Protest during state visit King Willem-Allexander and Queen Maxima to Capetown, South Africa. Photo by Jonathan Peters.
26-08-2025
Esther Captain will take the chair, endowed by the Royal Netherlands Academy of Arts and Sciences (KNAW), at Utrecht University's Department of History and Art History on September 1, 2025.
Her work will deal with the long-term impact of colonialism and slavery in the Netherlands, Indonesia, Suriname, the Dutch Caribbean islands and South Africa, with a specific focus on how experiences and memories of these systems have been transmitted from generation to generation.
The chair’s key question is currently debated both in academia and wider society: What impact, if any, do slavery and colonialism have on subsequent generations? Such impact, often referred to as “afterlives” of slavery and colonialism, can pertain to a spectrum of people from divergent backgrounds, such as the descendants of enslaved people, plantation owners, abolitionists and colonial administrators, both in the metropole and in former colonial societies.

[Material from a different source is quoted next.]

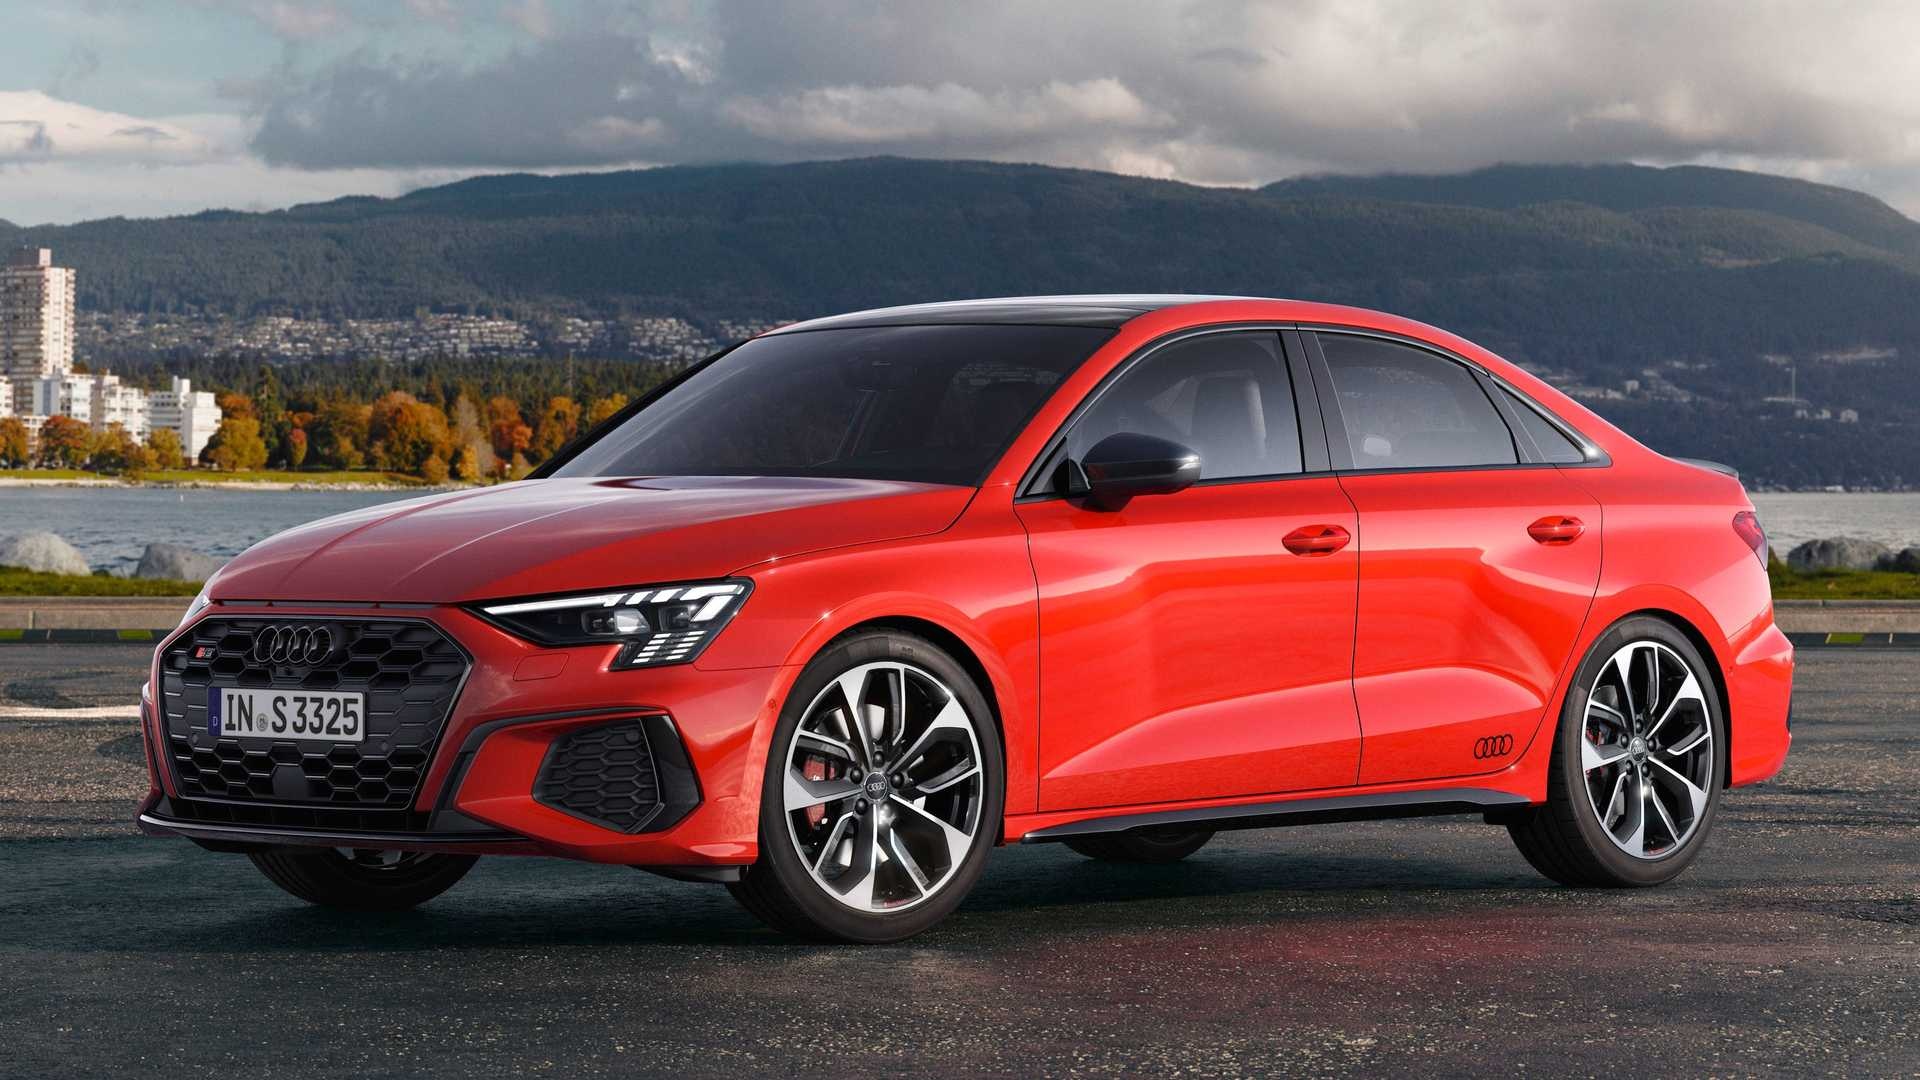 Audi S3, Sedan news, Performance and reviews, Latest updates, 1920x1080 Full HD Desktop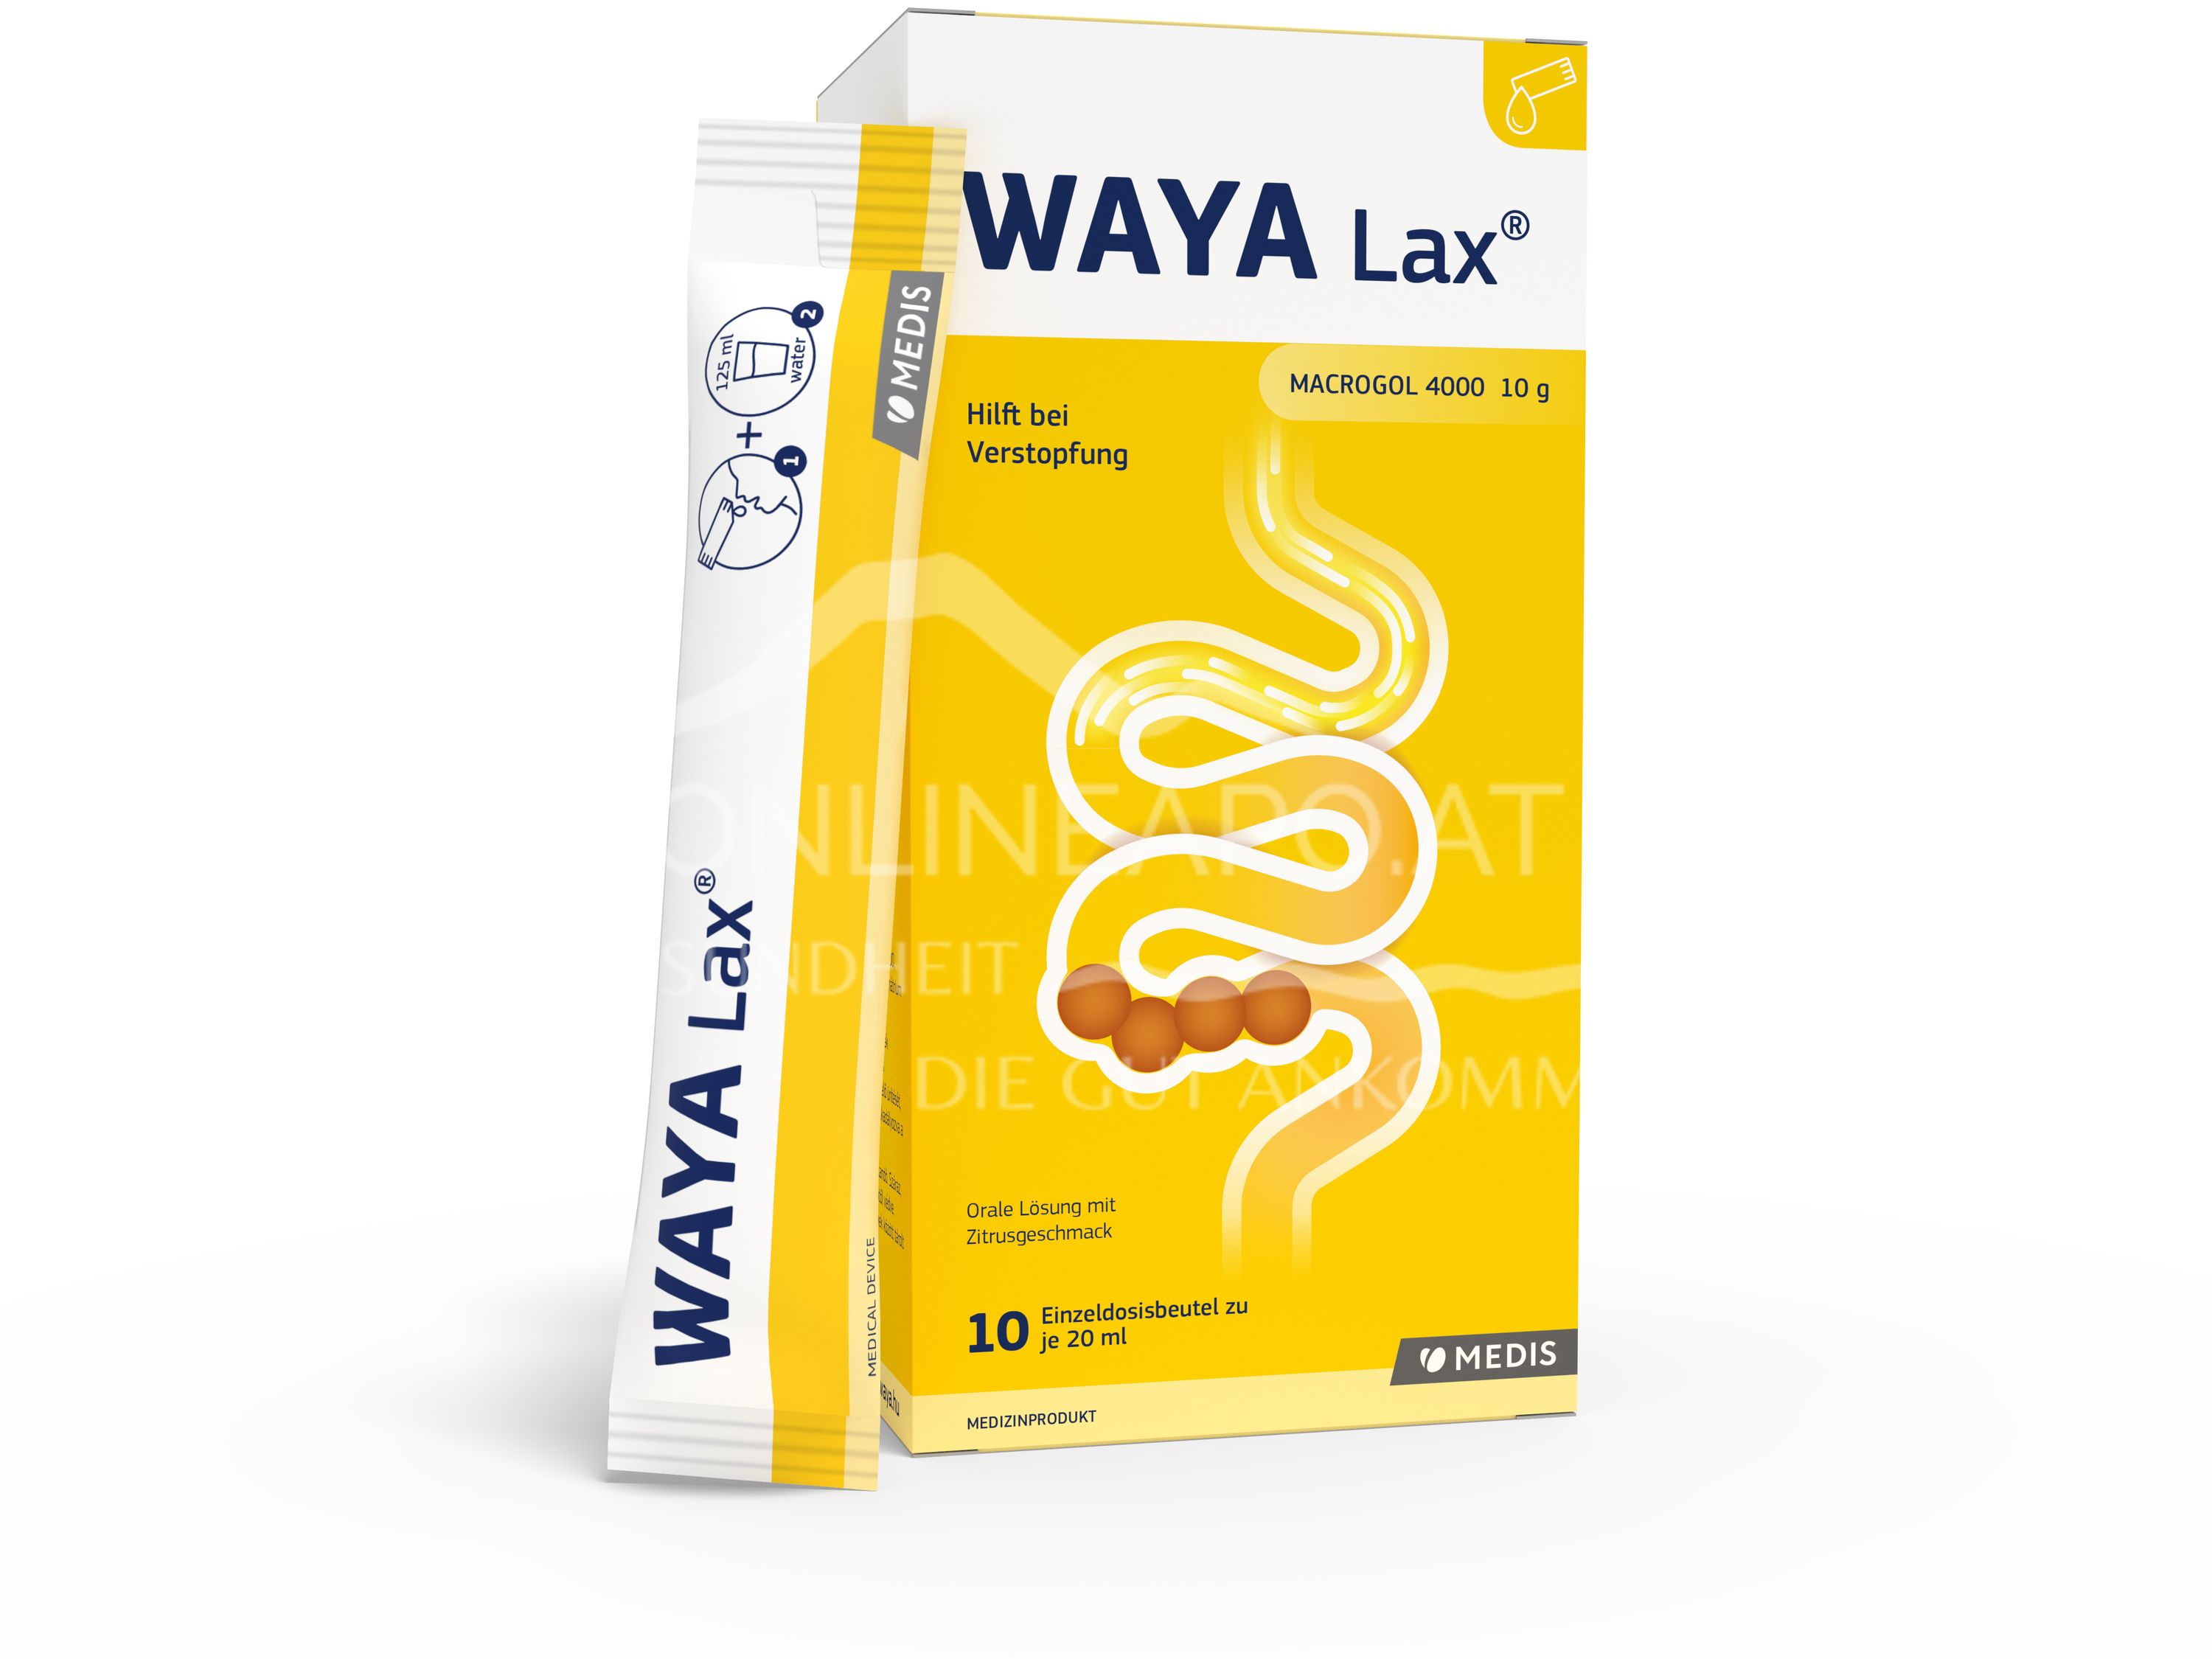 Waya Lax® - Orale Lösung, Portionsbeutel 20 ml

Esther Captain is a historian and senior researcher at the Royal Netherlands Institute of Southeast Asian and Caribbean Studies (KITLV) in Leiden. She is a member of the committee investigating the Royal House and its colonial history, a study initiated by King Willem-Alexander of the Netherlands. Dr. Captain also coordinates a Dutch government-sponsored program for international knowledge cooperation on the legacy of slavery and its continued impact in Suriname, South Africa, and Indonesia. Previously, she led a project on the role of the Dutch state in colonial slavery, which resulted in the book Staat en Slavernij (2023)/ Slavery and the Dutch State (2025). Captain was also project leader of Independence, Decolonization, Violence and War in Indonesia, 1945–1950, a research program which resulted in Het geluid van geweld (2022)/ Resonance of Violence (2025).